On March 25, under pressure from the high army command, the President of Pakistan, Field Marshal Ayyub Khan, resigned;

On October 15, in the city of Las Anod, an unknown person in a police uniform shot the President of Somalia, Abdirashid Ali Shermark, and after that a military coup took place in this country;

in early December, one after another, failed coup attempts took place in Libya and Sudan.

"Peak" solar activity in 1979:

On January 16, an earthquake measuring 7 on the Richter scale struck the Iranian province of Khorasan;

in February-March, a short but very fierce Sino-Vietnamese war broke out;

On August 11, two Tu-134 passenger planes collided over Dneprodzerzhinsk, killing 172 people, including the football players of the Pakhtakor team;

On November 9, for ten minutes, the world was on the verge of nuclear war due to a computer malfunction of the American NORAD system;

at the end of December Soviet troops were introduced into Afghanistan, during the storming of the palace, Afghan President Hafizullah Amin was killed.

"Peak" 1989:

On April 9, troops dispersed a rally in Tbilisi, which was attended by more than 60 thousand people, 16 people died, hundreds were injured;

On June 4, two passenger trains burned down near Ufa as a result of a gas pipeline explosion, killing 575 people and injuring more than 670.

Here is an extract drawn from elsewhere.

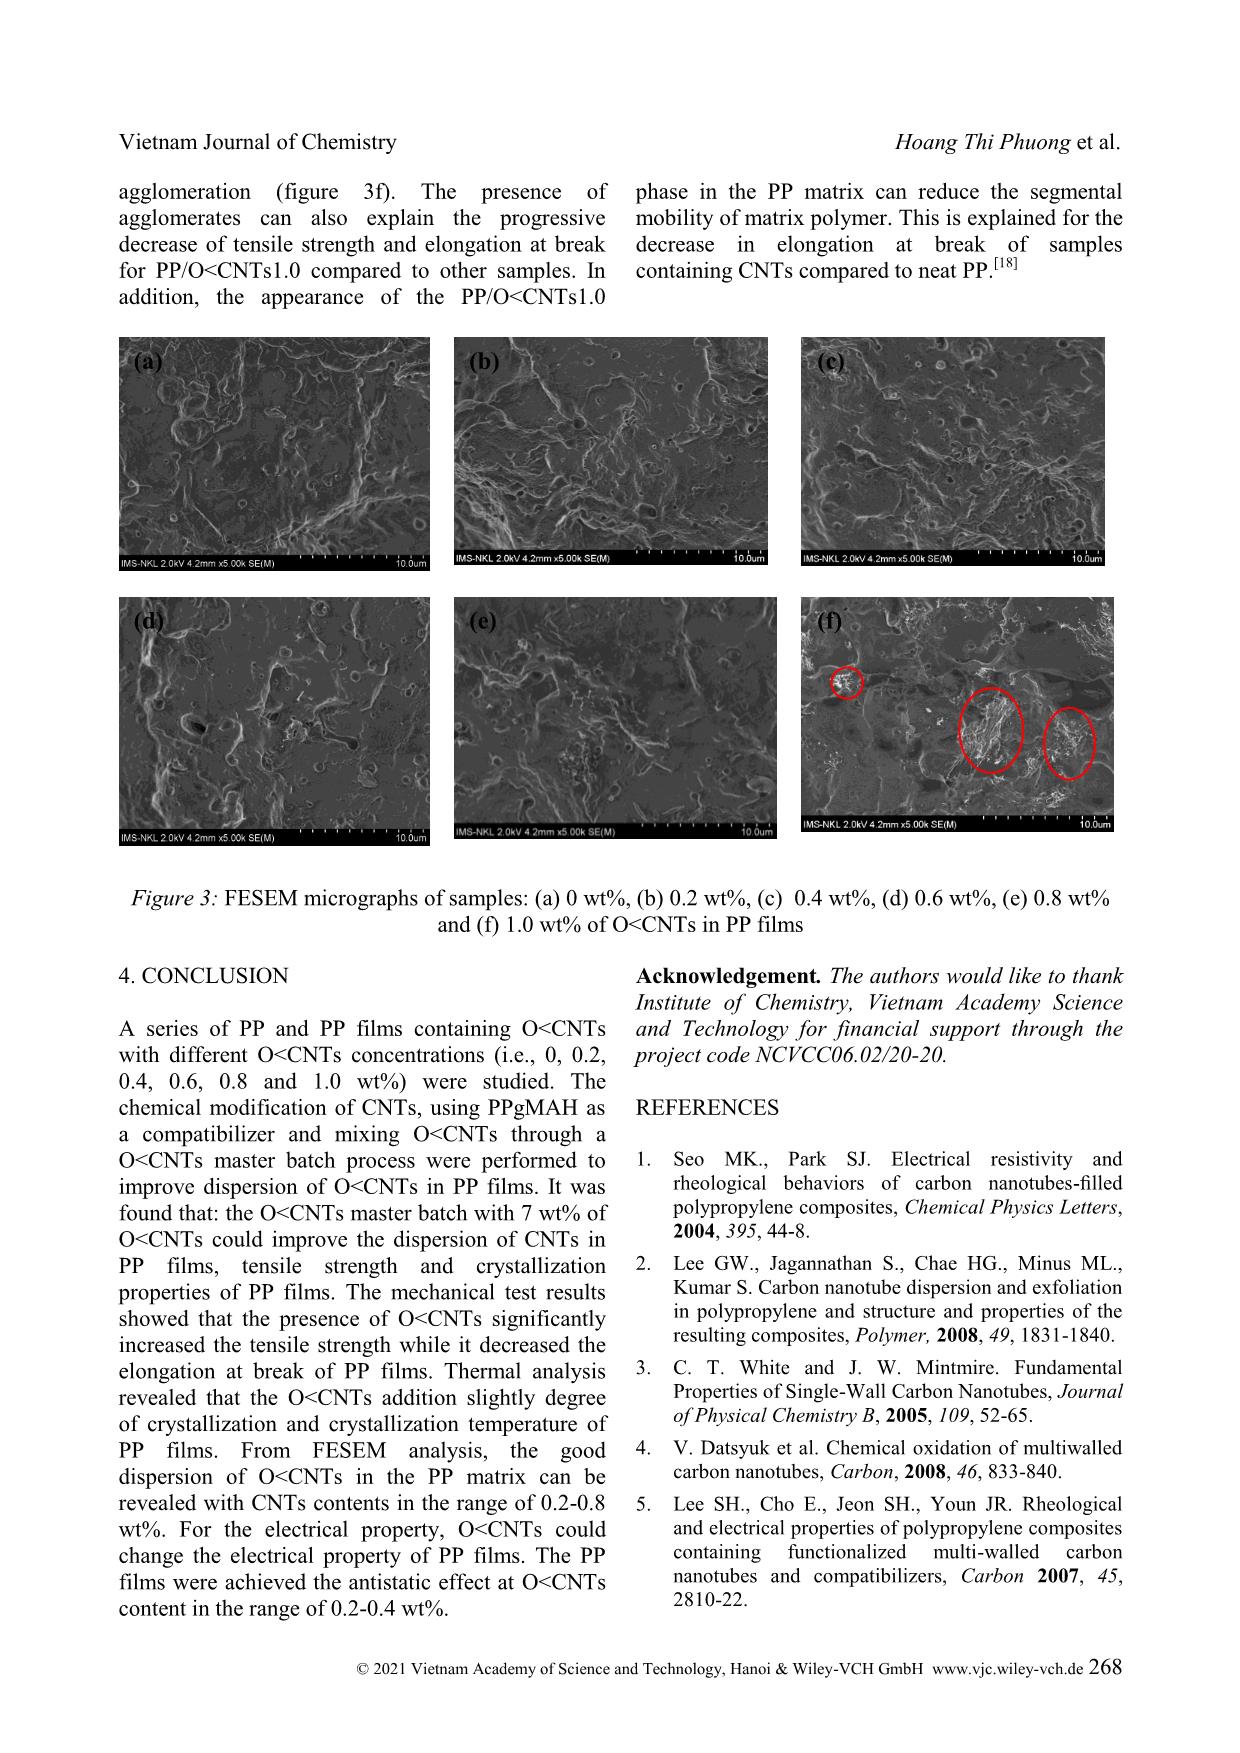 Effect of epoxydized carbon nanotube master batch on polypropylene film properties trang 6

Another solar maximum occurred in 2000-2001:

On November 11, a fire on a finicular train in the Austrian ski resort of Kaprun killed 155 people;

September 11, 2001 - the largest terrorist attack in the United States, hijacked airliners rammed the towers of the World Trade Center, killing about 3,000 people;

On October 4, a missile launched from a Crimean training ground during an air defense exercise of Ukraine accidentally shot down a Tu-154 passenger plane of a Russian airline, killing 78 people;

One of the questions that almost always comes up in lectures on astronomy is: when will the sun explode? Of course, it is impossible to give an exact answer to this. But what's at the end eventually happen with our luminary and the solar system, you can predict.

SPACE "CRADLE"

Stars, like people, are born, live and die. And if they are born in approximately the same way, then their life path pass and die in completely different ways.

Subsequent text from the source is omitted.